=== EXERCISE DETAILS ===
Dropping every picture, set down exactly the lines in the entries below, starting with the line with "3D Weiß River" and going on through the line with "Mogensen Dark Chocolate".

=== SUPPLIED MATERIAL ===
──────────

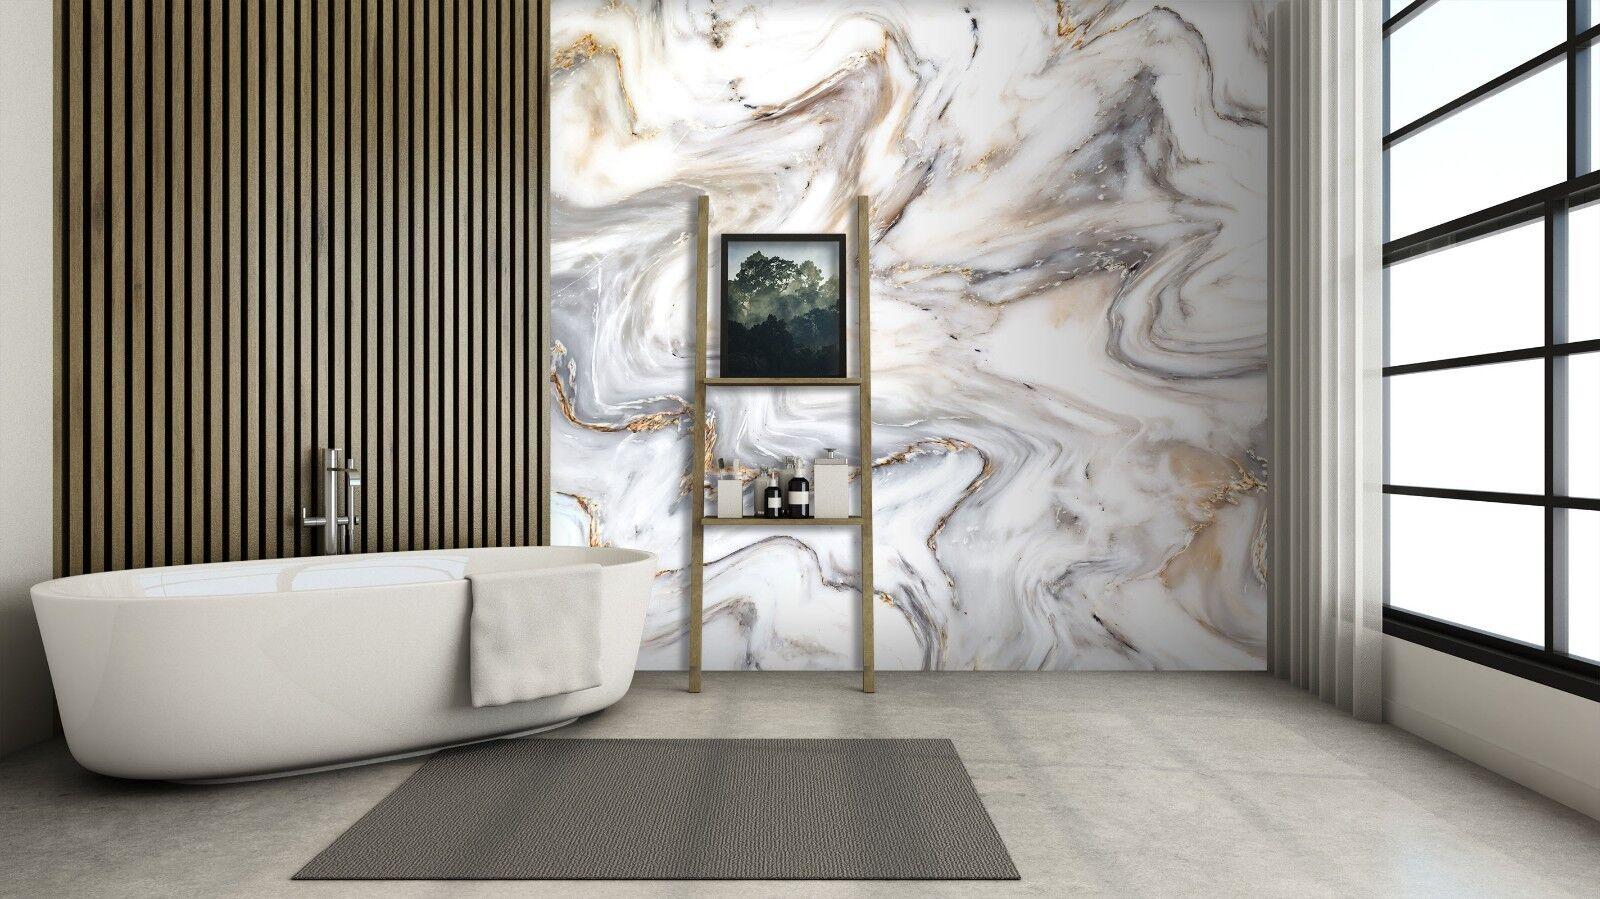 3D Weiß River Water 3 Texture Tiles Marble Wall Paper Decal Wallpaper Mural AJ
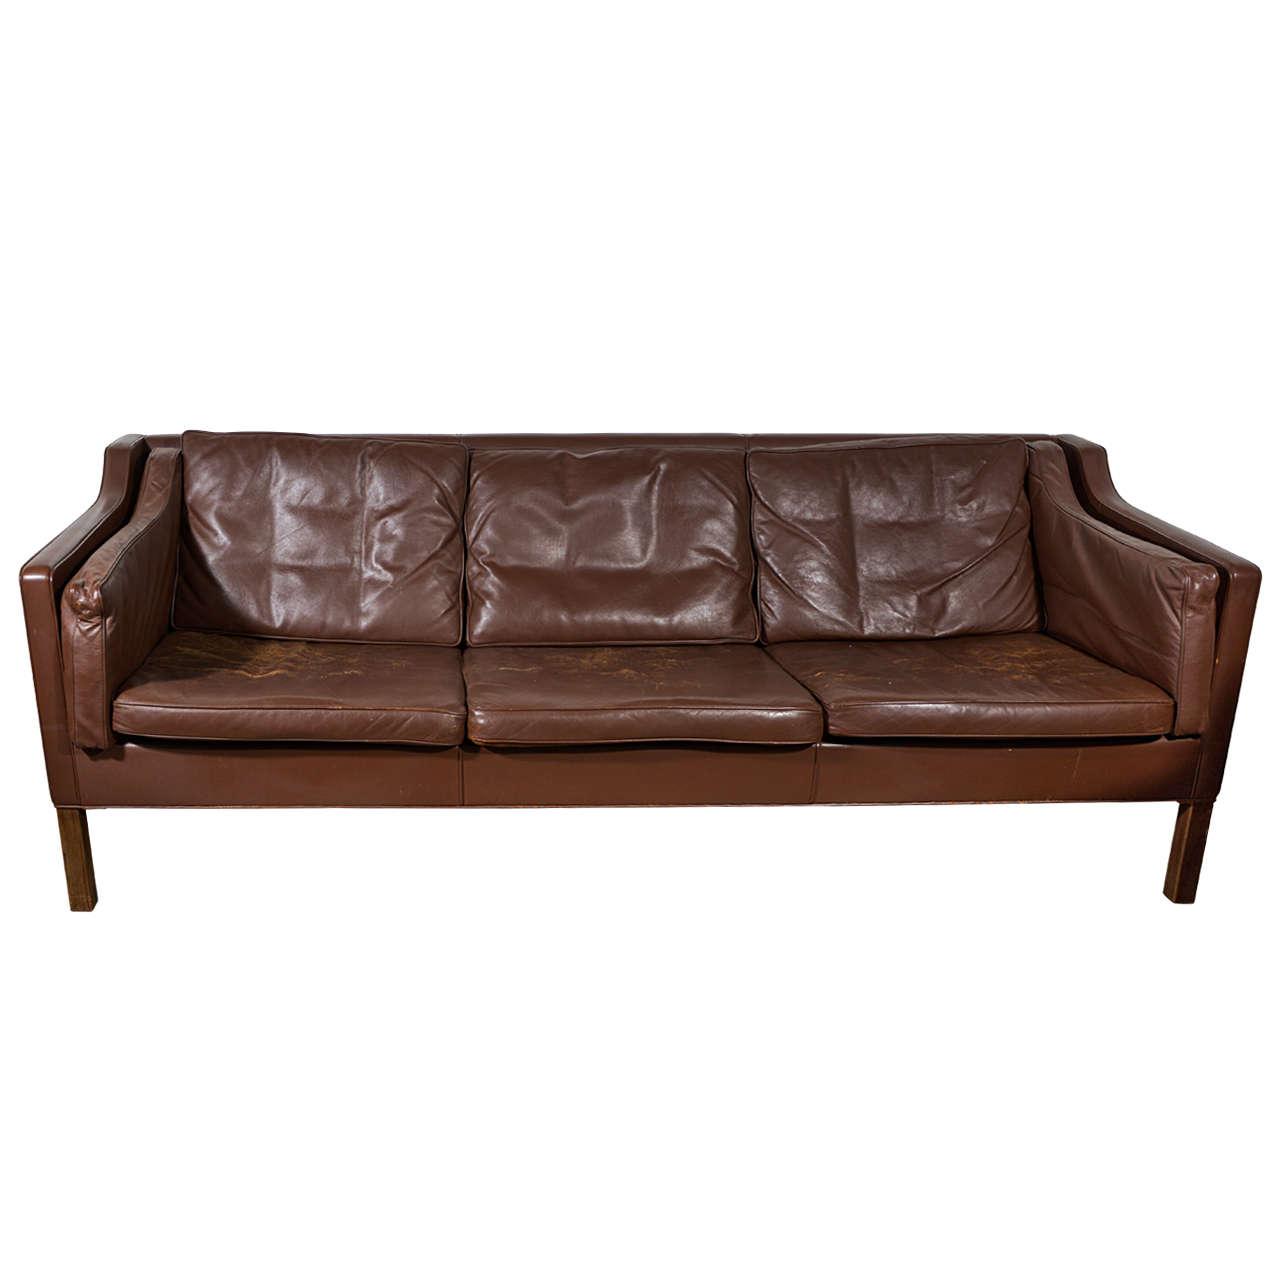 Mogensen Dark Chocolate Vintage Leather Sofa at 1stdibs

──────────

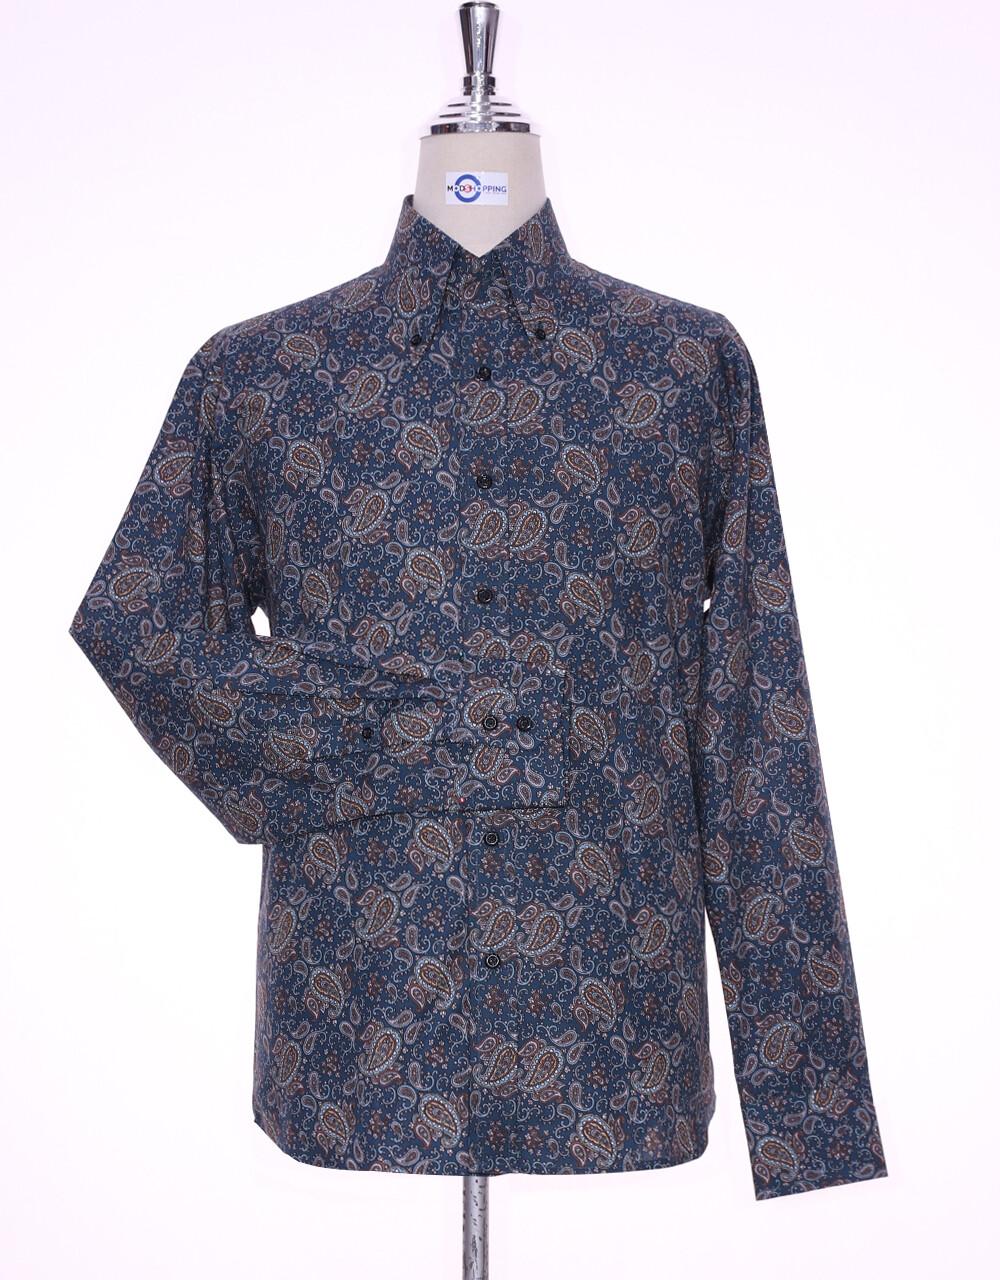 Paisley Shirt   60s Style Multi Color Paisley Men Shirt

──────────

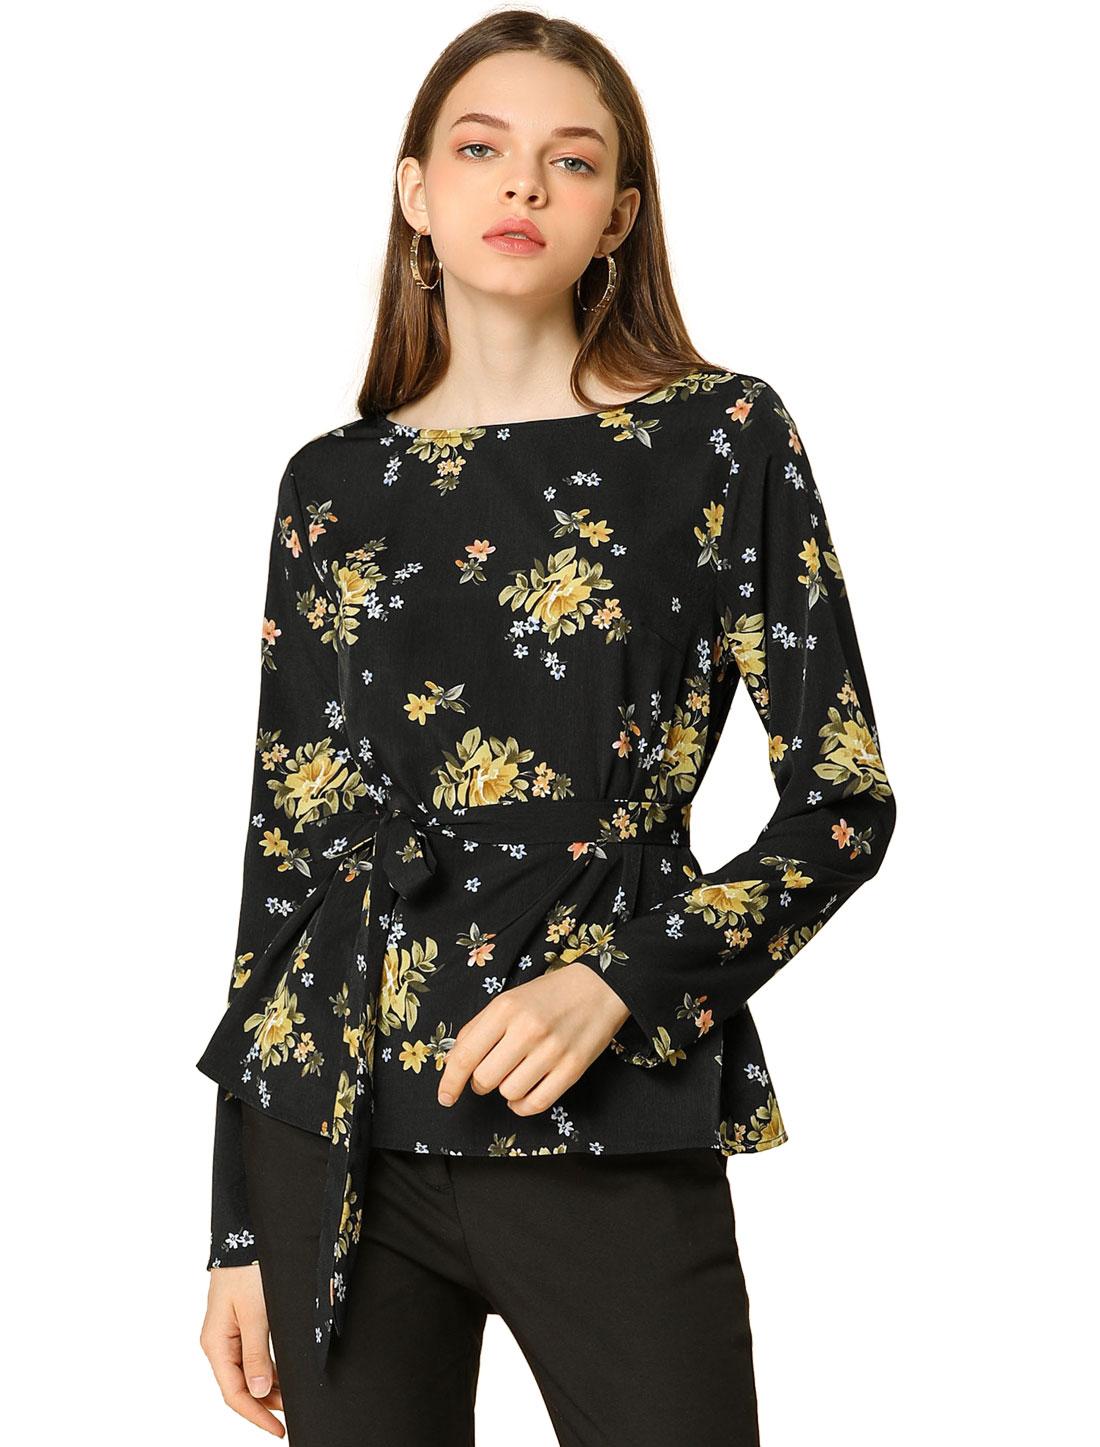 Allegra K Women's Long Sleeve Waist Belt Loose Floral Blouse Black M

──────────

=== EXPECTED ANSWER ===
 3D Weiß River Water 3 Texture Tiles Marble Wall Paper Decal Wallpaper Mural AJ
 Mogensen Dark Chocolate Vintage Leather Sofa at 1stdibs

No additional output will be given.